Damaris Eugenia Dinaeugeniadamaris@gmail.com

Luan Fernando Mendesluan.mendes14@hotmail.com

Graduandos em Engenharia Agronômica – Centro Universitário Sudoeste Paulista (UNIFSP)

Bruno Novaes Menezes MartinsEngenheiro agrônomo, doutor em Horticultura e professor – UNIFSP – brunonovaes17@hotmail.com

O óleo de neem é um inseticida orgânico obtido a partir da prensagem a frio de sementes da árvore de neem (Azadirachta indica), na forma de óleo puro. O principal componente biológico ativo do neem é a azadiractina, um tetranortriterpenoide limonoide solúvel em água e álcool, encontrado principalmente nas sementes.

A azadiractina não mata imediatamente os insetos, porém, causa distúrbios fisiológicos, alterando o desenvolvimento e a funcionalidade de várias espécies de pragas, principalmente devido ao seu efeito de repelência alimentar, interrupção do crescimento e do processo reprodutivo.

Atuação

Sabe-se que a substância repele ou reduz de forma significativa a ingestão de alimentos de várias pragas agrícolas. O componente químico é tão potente que um simples traço da sua presença impede que alguns insetos cheguem até a tocar as plantas.

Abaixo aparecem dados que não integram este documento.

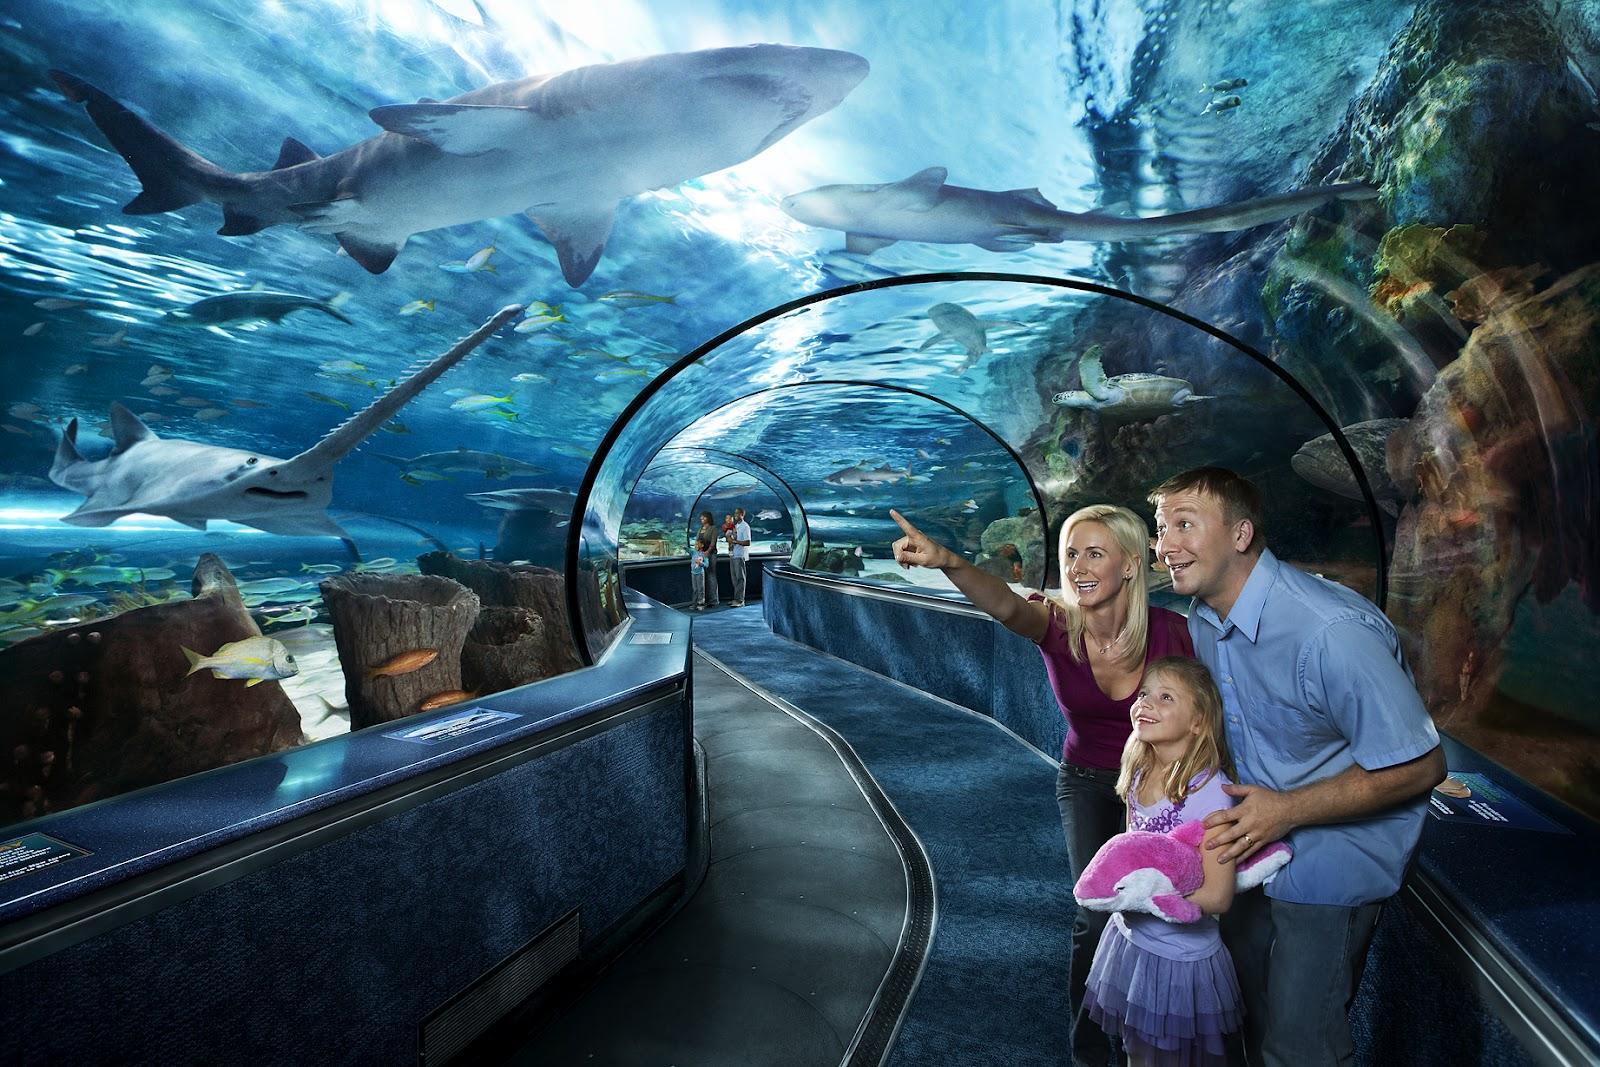 North Myrtle Beach Aquarium

A substância apresenta uma semelhança estrutural ao hormônio chamado “ecdysona”, que controla o processo de metamorfose das diversas fases da vida do inseto. Diante dessa semelhança estrutural, a azadiractina irá atuar como bloqueador da produção e liberação desse hormônio, o que causa deformidade, ou até interrupção da troca do exoesqueleto, portanto, os insetos não fazem a troca periódica do exoesqueleto, interferindo negativamente no seu ciclo de vida.

Prejuízos

O bicho-mineiro causa grandes perdas à produção de café, quando não controlado. Da ordem Lepidotptera, essa mariposa, com coloração branca-prateada, a Leucoptera coffeella na fase de lagarta penetra diretamente no mesófilo foliar (ficando entre as duas camadas da epiderme), no qual se alimenta do parênquima paliçádico ocasionando as chamadas “minas”, provocando a destruição da estrutura.

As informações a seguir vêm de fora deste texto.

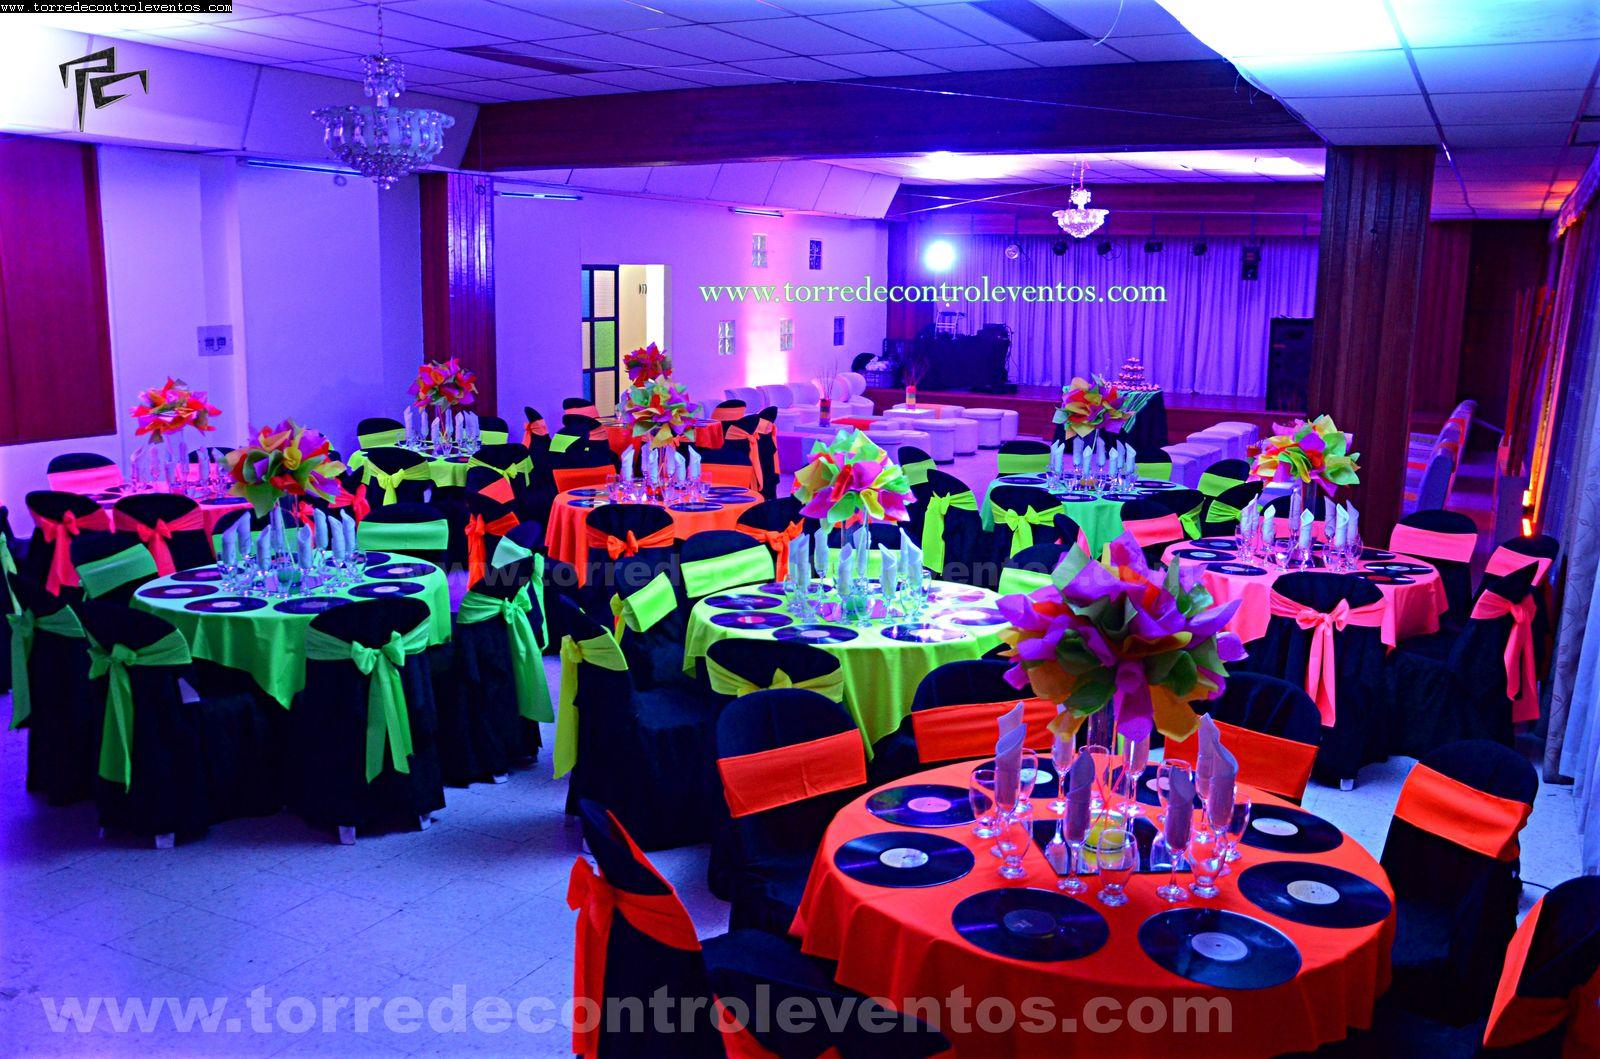 fiesta tematica para quince a os bogota salon y hacienda

As folhas atacadas caem, prejudicando o processo de fotossíntese, acarretando em diminuição da produção. Dependendo do grau da infestação, a desfolha pode reduzir em até 72% a produção. Os sintomas são mais visíveis na parte alta da planta, onde se observa um grande desfolhamento, quando o ataque é intenso.

Cuidados na aplicação

Segundo Martinez (2002), o óleo inseticida é extraído pela prensagem das sementes, obtendo-se no máximo 47% de óleo, que contém cerca de 10% da azadiractina existente no fruto.

Para a produção dos extratos deve-se triturar as sementes ou frutos em água, deixando a mistura descansar por 12 horas e filtrando-se o líquido obtido. O mesmo procedimento pode ser usado para folhas frescas ou secas, no entanto, o que vai diferenciar é a concentração de azadiractina no extrato obtido, que normalmente será inferior.

Eficiência

Segundo a Embrapa, para maior eficiência, a aplicação do produto do extrato de semente de neem (10 g/L azadiractina) deve ser feita nos ovos do bicho-mineiro, nas concentrações de 0,025 a 0,1 g/L, o que causa inibição na formação de minas nas folhas.

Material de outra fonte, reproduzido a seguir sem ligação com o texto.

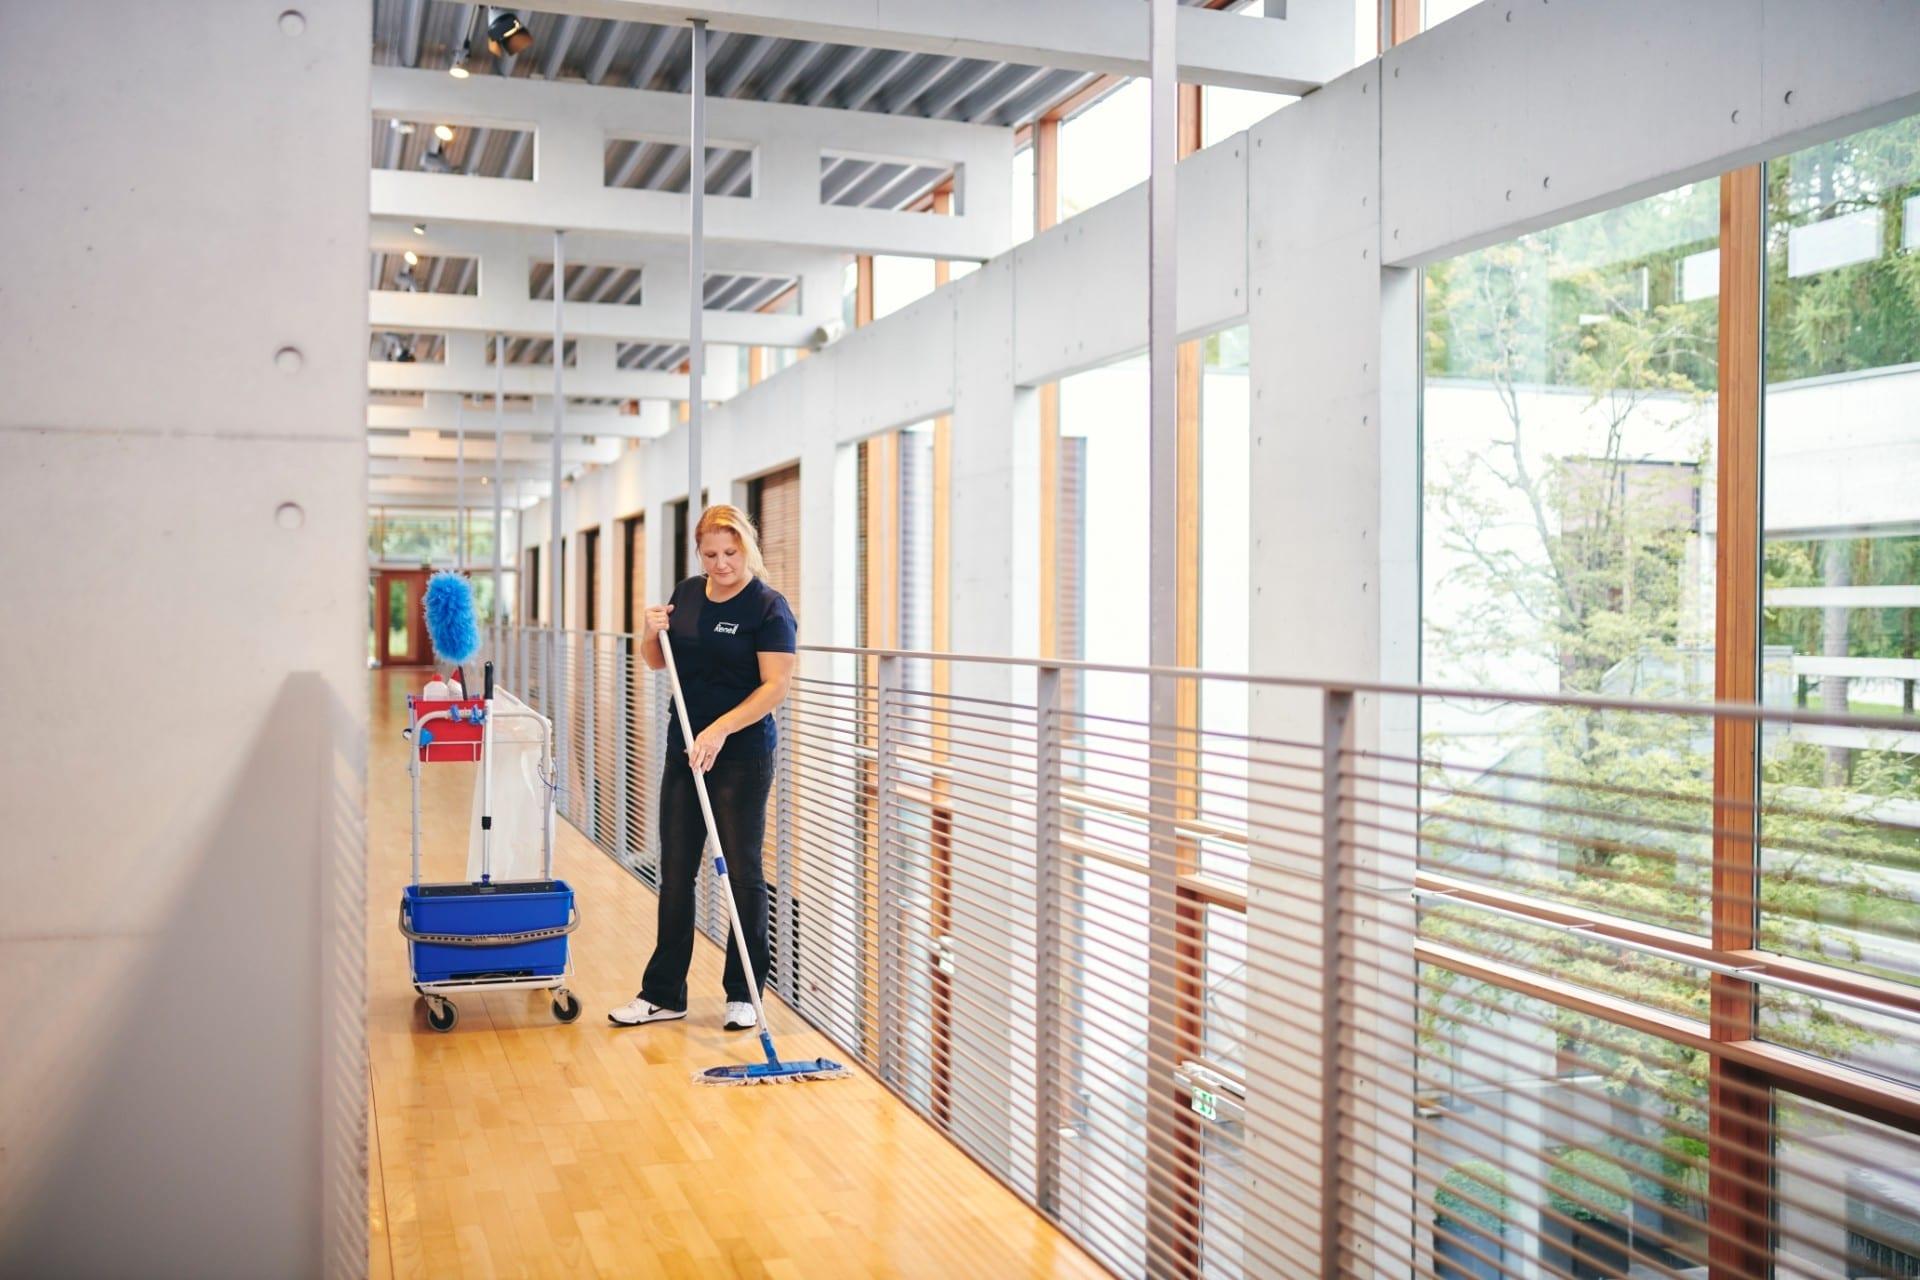 Renell-medarbejder vasker gulv med mobbe hos erhvervskunde

Estudos apontam que a redução do número de ovos de bicho-mineiro após a aplicação do óleo é de 50%, comparado a plantas não tratadas.

No caso da aplicação em folhas com minas em estádio inicial (qualquer concentração), irá favorecer a paralisação do desenvolvimento do inseto, indicando que o produto apresenta ação translaminar.

A pulverização com óleo de neem em plantas de café (0,125 a 2,5%) demonstrou bons resultados referentes à diminuição de postura e sobrevivência dos ovos. Portanto, pode-se concluir que plantas tratadas com neem provavelmente terão baixa infestação do bicho-mineiro, tanto pela repelência quanto pelo efeito negativo do produto no desenvolvimento da praga.